Yoga and some of the Yogic texts may be old. But they are certainly not outdated. In this blog, we introduced Patanjali’s Yoga Sutra. Often called one of the Yoga classics it has wisdom that we use in our modern life too. Part of that is the concept of the eight limbs of Yoga.
The first limb of Yoga is called Yama. This can be translated as abstinence, or simply guidelines for an ethical way of living. Yama consists of five concepts: non-violence, truthfulness, non-stealing, continence and non-greed. They may have been translated or interpreted differently by different authors or commentators on the text. In Sanskrit, they are referred to as Ahimsa, Satya, Asteya, Brahmacharya and Aparigraha.
These are big ideas to contemplate. This time of year may be the perfect time to do just that.
So get a pen and paper out, or simply sit and meditate on these concepts. To get grounded and focused apply your Yogandha Ground Rollerball onto your pulse points. Breathe and get ready for your philosophic Yoga class:
The Yamas of ethical living
Let’s start with the first Yama which is Ahimsa, or non-violence, and not causing pain. This may be one that you actually do hear about in your Yoga class. Because certainly one of the main principles of life must be to not cause any harm. No injuries in our Yoga classes! But it obviously has a deeper meaning than physical injuries.
How might your choices, your thoughts, speech and actions cause pain? To yourself or others? Even to the animal kingdom, environment, nature and society?
By practising Ahimsa we start to observe our Self and how we interact in the world. We take responsibility for our behaviour and the potential consequences.
Satya or truthfulness. Sometimes the truth hurts so we will also remind ourselves that we still want to practise non-violence. The actual meaning of the Sanskrit word Satya can also be translated as "actively expressing and being in harmony with the ultimate truth.” So, we are looking at being completely honest and truthful in our daily life but also in relation to the ultimate spiritual truth.

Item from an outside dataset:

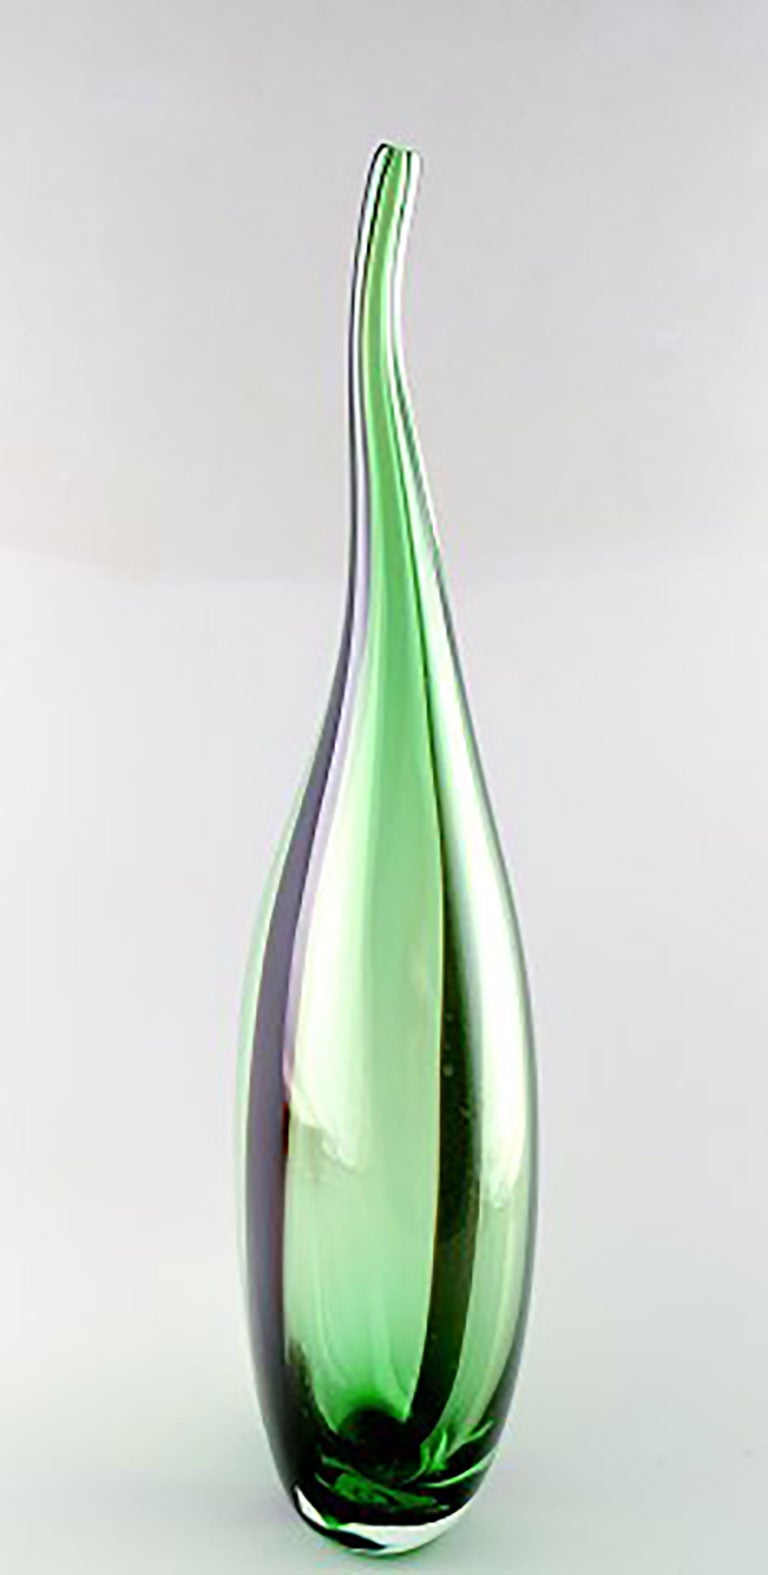 Murano large art glass floor vase, unstamped.
In perfect condition. Measures: 56 cm.

Asteya or non-stealing. In Sri Swami Satchidananda’s commentary of Patanjali’s Yoga Sutras he says: “To one established in non-stealing, all wealth comes.” Again there are many levels to this statement. For most people, this seems to be a decent moral code. We generally do not steal and we don’t take what is not ours to take. But using the concepts of Ahimsa and Satya can we honestly say that we don’t take more than what we give? Are we greedy? Or perhaps we are holding back? Are we stealing from ourselves and the world by not living truthfully and sharing our gifts?
Brahmacharya or continence is also translated as celibacy. Brahma is a name for God and Char is to walk. The Ya is about being active. So it could also be translated as “walking with God”. This is about conserving our energy. And perhaps use this energy to develop more spiritually.
Aparigraha or non-greed. This is about abstention from greed or hoarding. We are in a consumer society and it’s difficult not to get caught up in “needing” more, buying more and accumulating. Society is also about attaining more power or perhaps becoming more advanced in our Yoga poses or in our work life. The common thread here is more. How can we be happy in the present with what we have? How can you find contentment without more and without greed?
Contemplate the Yamas and how they relate to your modern living. What can you take away from this spiritual text and use in your daily life?